Barnes: “Levar a vida a sério será magnífico ou estúpido?”
CRÓNICA
| Rui Miguel Rocha
Estou muito contente por ter lido este livro. Mesmo depois de ter passado por partes difíceis, às quais não dei a mínima importância, como em todos os livros, uns mais do que outros.
O papagaio representa o que não sabemos do génio, o que é muito. Assim com as estátuas do mesmo, possivelmente transformadas pelos nazis “em insígnias de bonés”. Será o papagaio empalhado uma relíquia? E como Eça, questionar: “O que é que nos torna ávidos de relíquias?” Como a empregada de Robert Louis Stevenson que vendeu cabelo do mesmo “que chegava para estofar um sofá.”
Adiante, que a vida continua para quem não morre: “‘A vida! A vida! Ter ereções!’ Li outro dia esta exclamação de Flaubert. Fez-me sentir como uma estátua de pedra com um remendo entre pernas.”
Mas “ será que alguma altura certa para morrer?”
Este é um livro à procura de um mistério que não existe, um livro sob muitos pontos de vista, centrados no autor que se centra em Flaubert: “pode definir-se uma rede de duas maneiras, dependendo do ponto de vista. De um modo geral, diz-se que é um instrumento com buracos destinados a apanhar peixe.
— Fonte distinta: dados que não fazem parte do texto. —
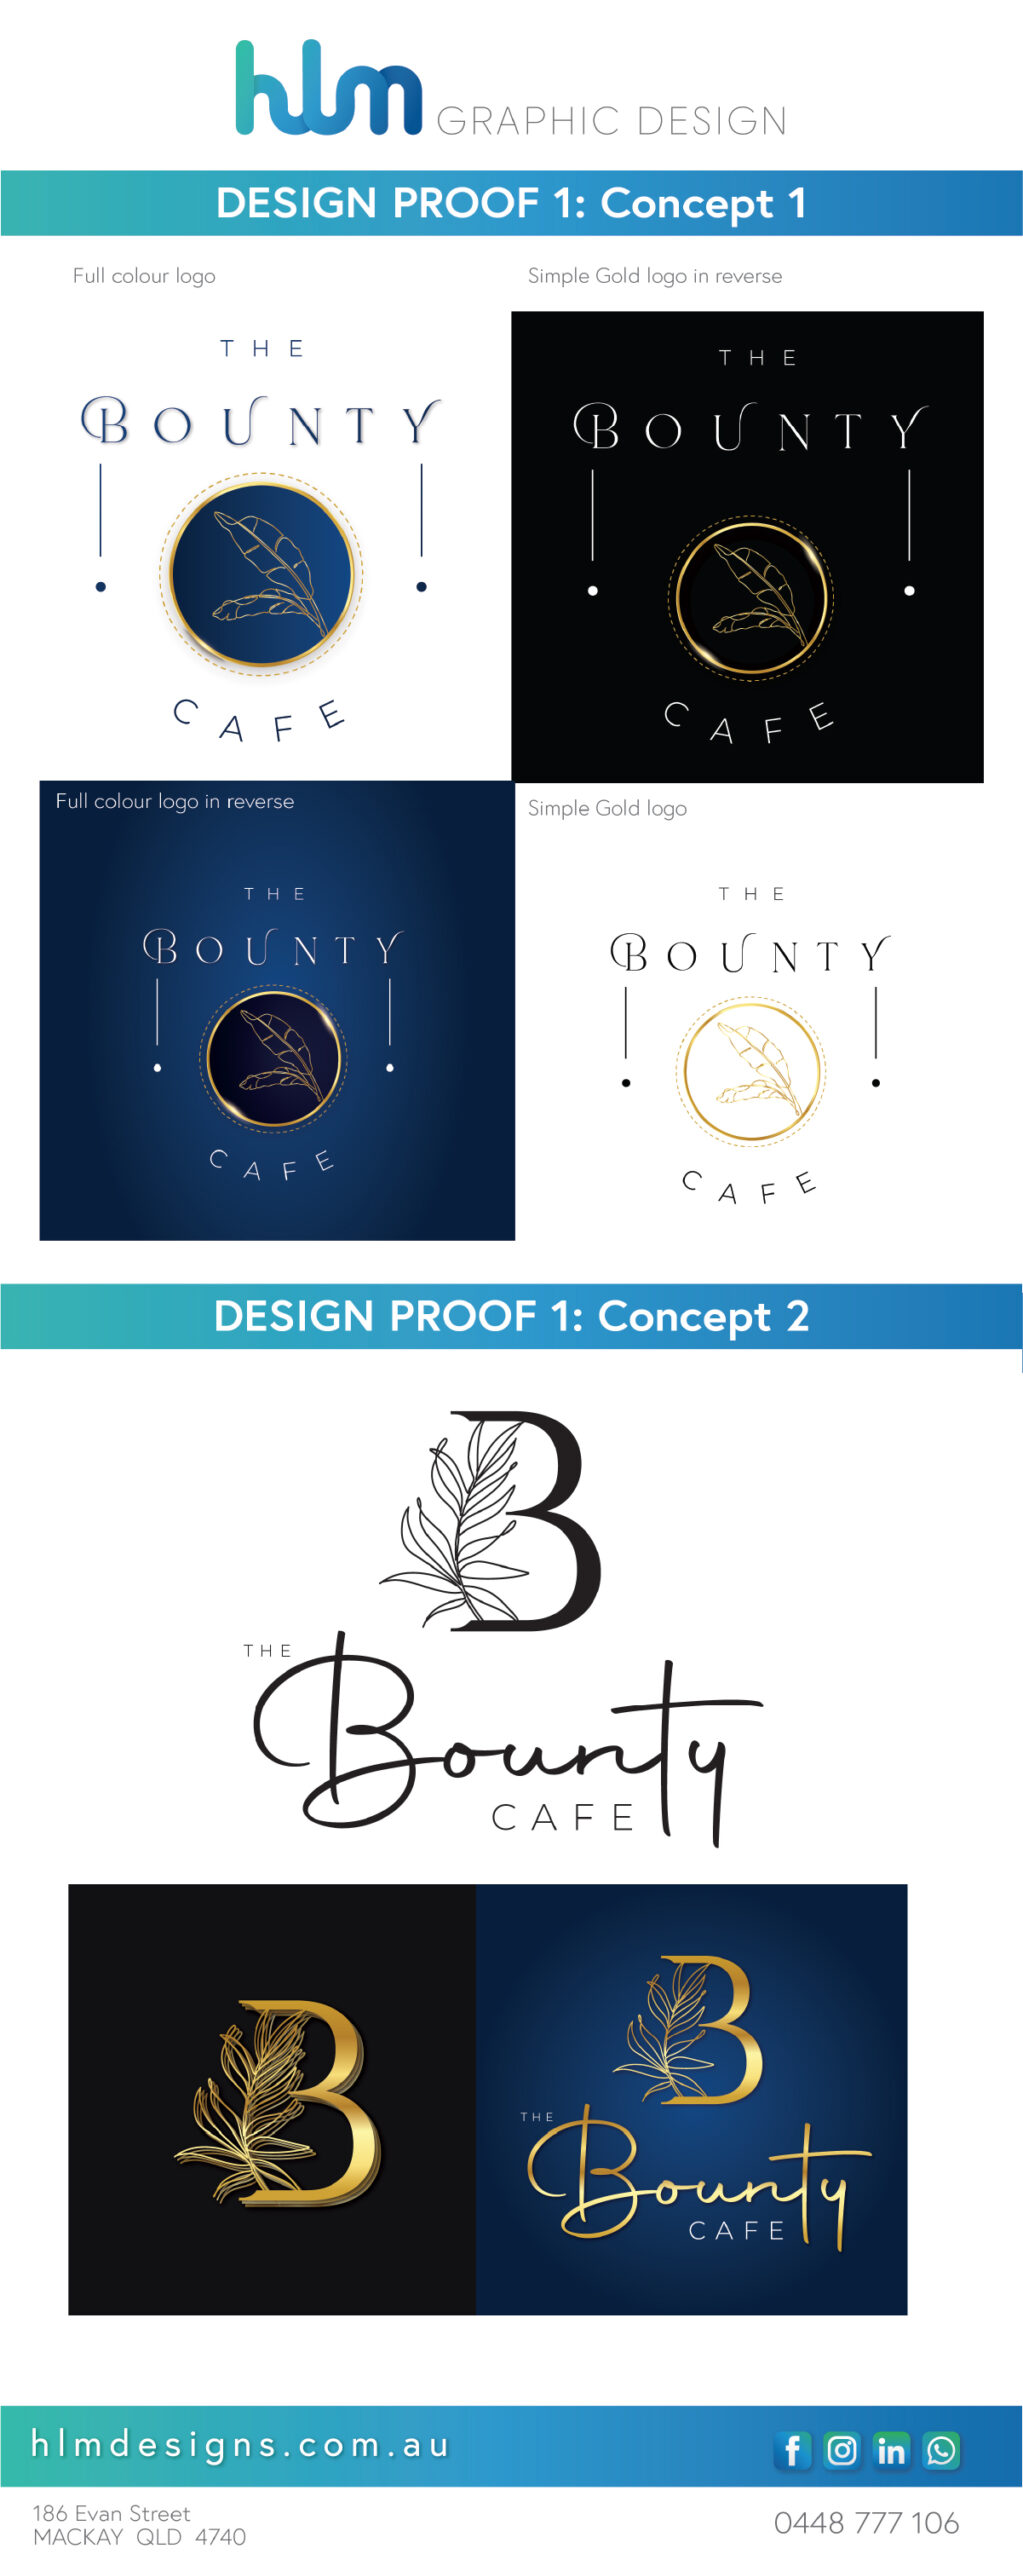 Logo Design Art Proof 1 with 2 concepts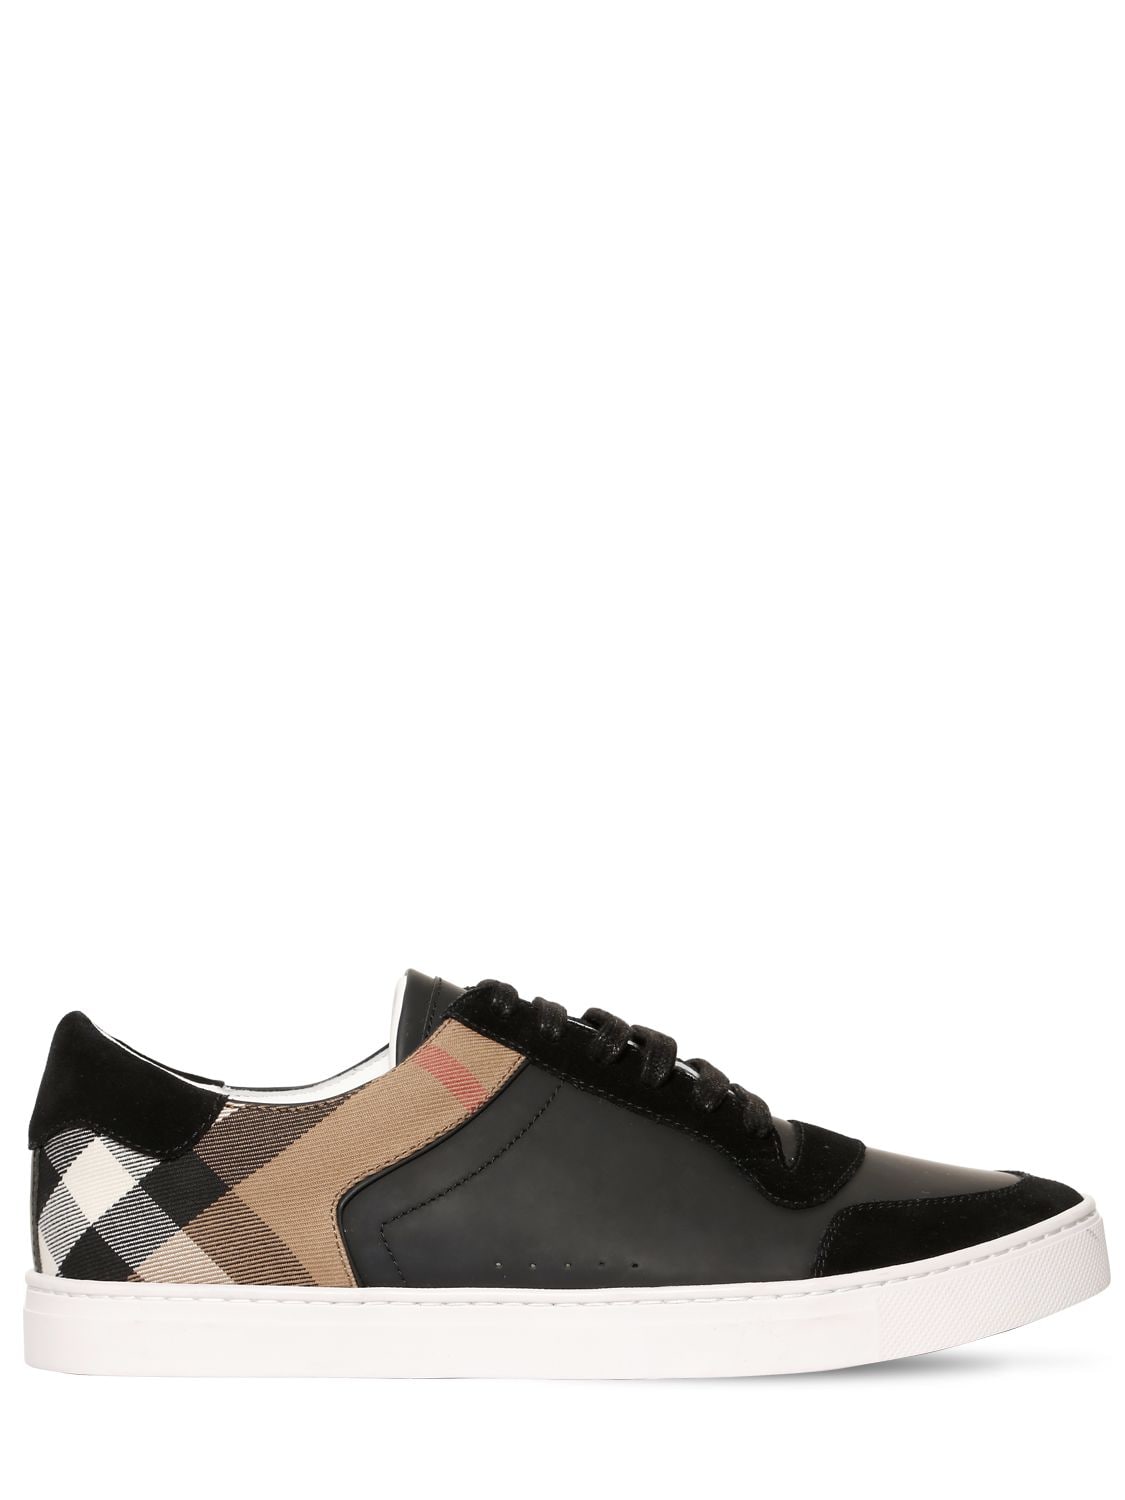 Burberry Newport Check Canvas & Leather Trainers In Black

Mas podemos, sem agredir muito a lógica, inverter a imagem e definir uma rede como o fez uma vez um lexicógrafo brincalhão: um conjunto de buracos ligados por um fio.”
Mas a vida sempre, em todos os seus altos e baixos com mais uma citação do autor de Ema: “o que eu preciso é de continuidade, quer no descanso quer no movimento.”
E nisto tudo de vida ou papagaio “Não se sabe o que aconteceu à verdade.”
E sobre a guerra, disse Flaubert: “Seja o que for que aconteça, continuaremos estúpidos.”
Ficamos também a conhecer August Pinard, o advogado que conduziu um processo contra duas obras primas: Bovary e Les Fleurs du Mal.
Mas do livro também temos o que sempre reparámos e nunca descrevemos, a boa literatura a favor dos coveiros: “os brutamontes são necessários nos funerais.”
Obrigatório ler todo o capítulo sobre os olhos de Bovary.
Saber que “as coisas horríveis também são vulgares.” Saber que, como todos nós, Flaubert “sonhava com o Egito quando estava na Normandia e com a Normandia quando estava no Egito”.
Workshop de escrita: “os primeiros pensamentos são muitas vezes os melhores, alegremente reabilitados pelos terceiros pensamentos depois de humilhados pelos segundos.” E também que se deve “mergulhar na vida como no mar, mas só até ao umbigo.” E, mais importante: “o cabelo só brilhava depois de ter sido muito escovado e que o mesmo se podia dizer do estilo.”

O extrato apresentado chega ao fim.